Copy word for word, please, the lines of the entries below running from the one containing "Explore the beauty" to the one containing "part 2 Image", both ends included.
===== GIVEN DATA
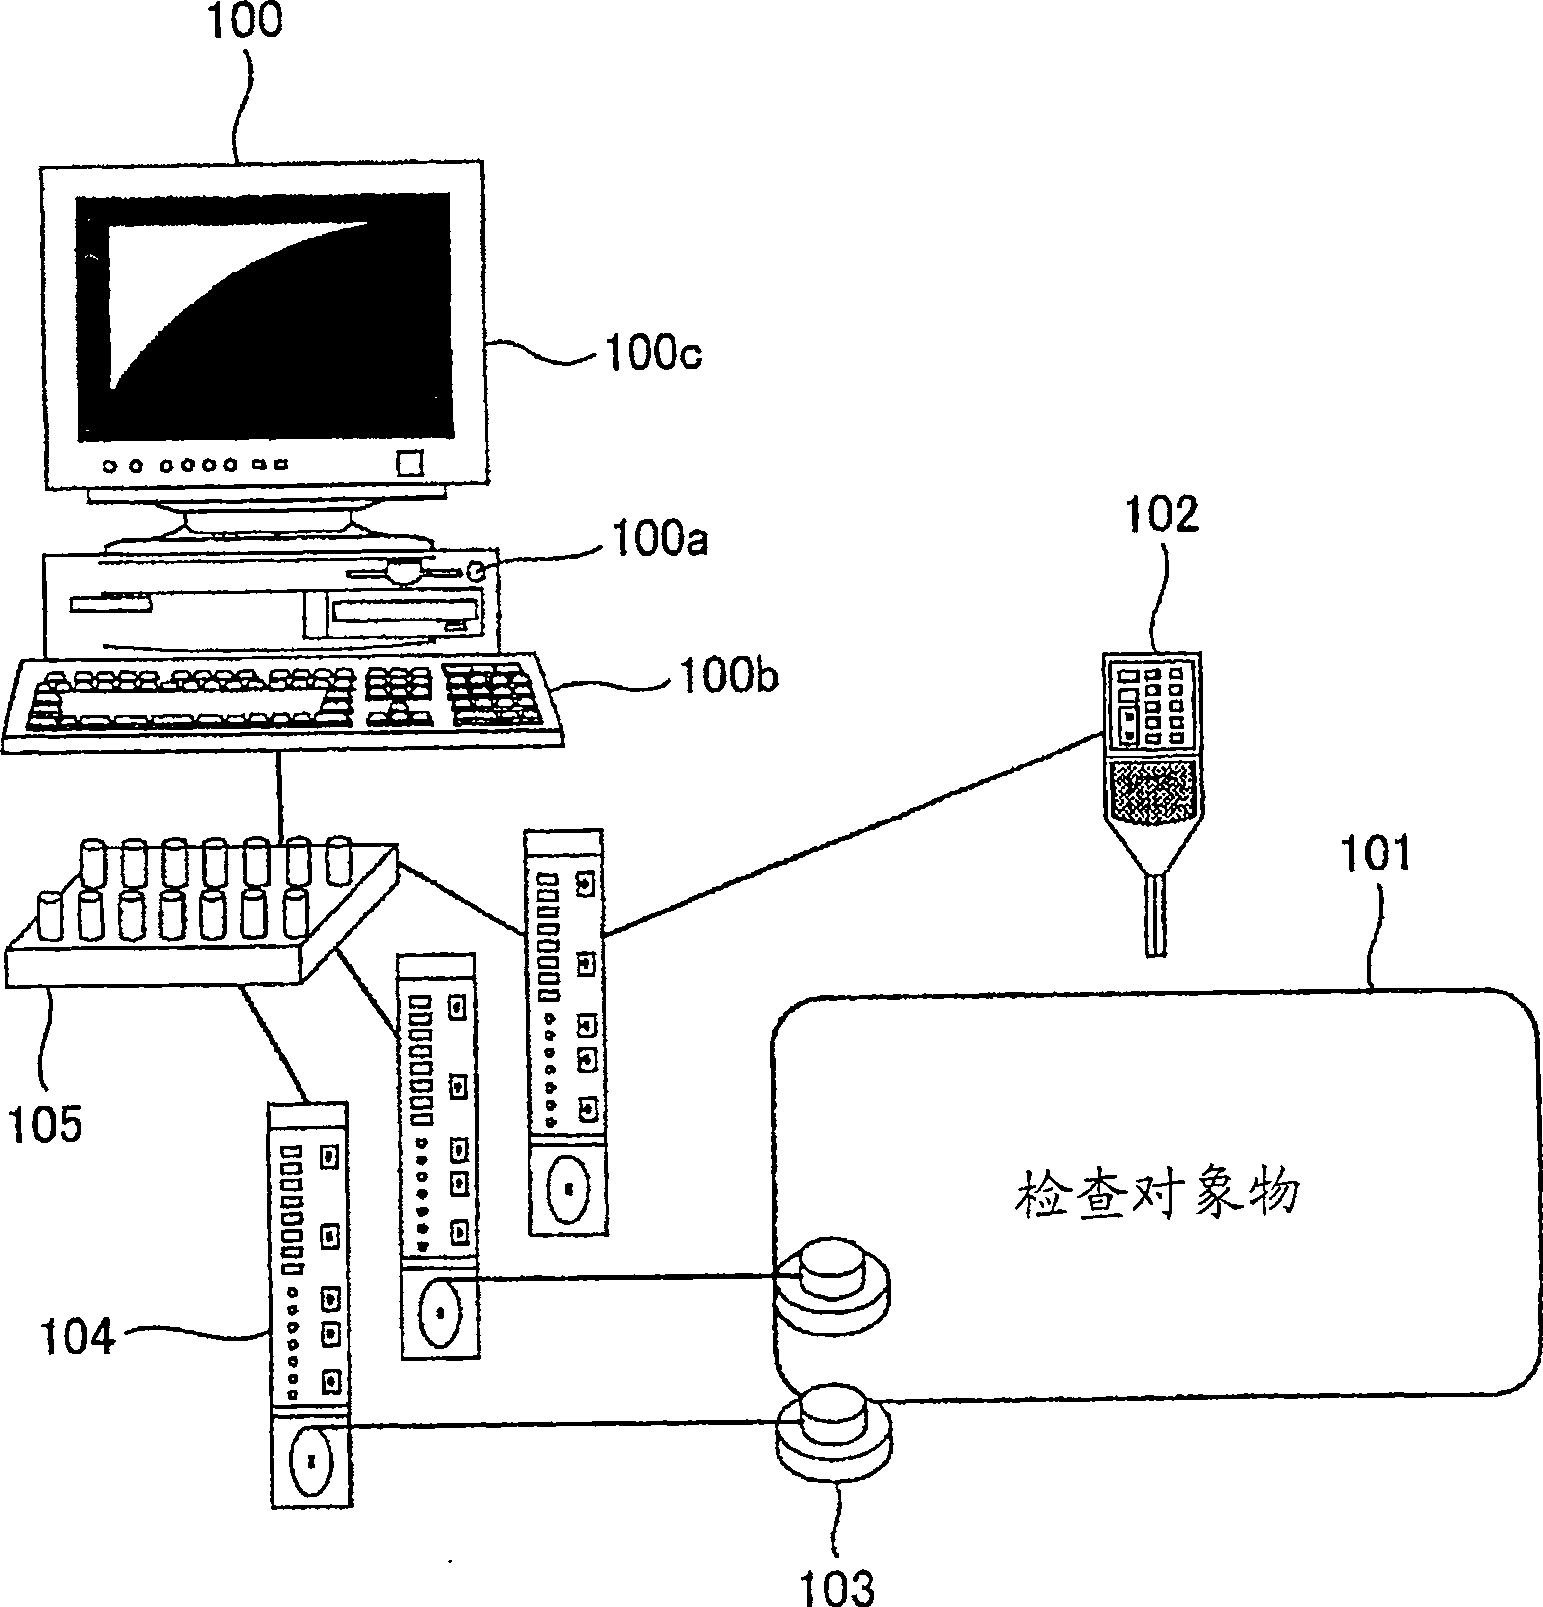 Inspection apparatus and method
==========
===== GIVEN DATA
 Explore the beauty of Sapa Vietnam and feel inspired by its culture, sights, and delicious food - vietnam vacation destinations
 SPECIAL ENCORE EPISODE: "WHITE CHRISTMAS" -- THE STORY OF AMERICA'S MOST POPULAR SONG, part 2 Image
==========
* _RESULT OF THE EXERCISE_
 Explore the beauty of Sapa Vietnam and feel inspired by its culture, sights, and delicious food - vietnam vacation destinations
 SPECIAL ENCORE EPISODE: "WHITE CHRISTMAS" -- THE STORY OF AMERICA'S MOST POPULAR SONG, part 2 Image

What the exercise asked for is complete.